ARGO-HYTOS Management + Consulting GmbH
- Type: GmbH
- Founded: 1947
- Headquarters: Zug, Switzerland
- Key people: Christian H. Kienzle, Owner
- Number of employees: ca. 1200
- Website: http://www.argo-hytos.com

= ARGO-HYTOS =

Swiss hydraulics company

The ARGO-HYTOS Group produces and develops components and systems for the hydraulic industry. Its headquarters are in Switzerland and production sites are in Germany, Czech Republic, India, China and Brazil.

== History ==
The present ARGO-HYTOS group has its seeds in the former company Argo GmbH for precision mechanics. It was established in Stuttgart on July 7, 1947, at the request of Herbert Kienzle, the managing director of the Kienzle Apparate, and has developed from the former sales company for Kienzle-Taximeters. Argo originally was a brand name of the predecessor company Kienzle Apparate for manufacturing of taximeters, referring to the Greek legend of Jason and his incredibly fast ship.

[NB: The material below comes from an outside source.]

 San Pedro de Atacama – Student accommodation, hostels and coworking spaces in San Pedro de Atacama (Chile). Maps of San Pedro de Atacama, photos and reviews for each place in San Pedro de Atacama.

An autonomous production program for magnetic filters and strainers was developed; in 1952 Argo received a patent for magnetic filters. The product portfolio was expanded to hydraulic filters for mobile and industrial hydraulics, which were produced in a former cigar factory in Kraichtal/Germany. In 1965 the head office was also transferred to Kraichtal.
The company expanded internationally: At the beginning of the 1980s the first own sales company was established abroad in France, followed by more companies in the Netherlands, Great Britain, in the US, Sweden, Hong Kong, Italy, Poland and China.

== Development ==

In 1990 Christian H. Kienzle took over the position of the managing director and has managed the ARGO-HYTOS group up until now. In 1993 the Argo GmbH for precision mechanics was renamed as Argo GmbH for fluid technology. In the same year Argo purchased shares in the Czech hydraulic manufacturer Hytos, a company already having a 50-year experience in the production of components for Fluid & Motion Control. Since 2003 both companies have traded under the name ARGO-HYTOS.

== Locations ==

The ARGO-HYTOS group operates globally with numerous sales companies all over the world and more than 100 international distributors. The group is headquartered in Switzerland and employs more than 1,200 staff members.

ARGO-HYTOS maintains locations with production plants in
- Kraichtal (Germany) - approx. 450 employees
- Ostrava (Czech Republic)
- Vrchlabí (Czech Republic)
- Zator (Poland)
- Coimbatore (India)
- Yangzhou (China)

== Portfolio and customers ==
The portfolio of ARGO-HYTOS includes hydraulic filters and filter elements, components for Fluid & Motion Control, Fluid Management Systems, Sensors- and Measurement Technology as well as systems for Wind Energy Plants. The company's customers include manufacturers of agricultural machinery, production machines and machine tools, construction machines, municipal engineering and energy production.

== Literature ==
- Armin Müller: Kienzle. Ein deutsches Industrieunternehmen im 20. Jahrhundert. Franz Steiner Verlag, Stuttgart 2011, S. 221–225. ISBN 978-3-515-09845-8.
- Bernhard Foitzik: Filtration Technology for Hydraulic Systems: Optimum concepts for filtration systems in fluid power technology. 2nd edition, Verlag Moderne Industrie, Landsberg/Lech 2000, ISBN 3-478-93136-3.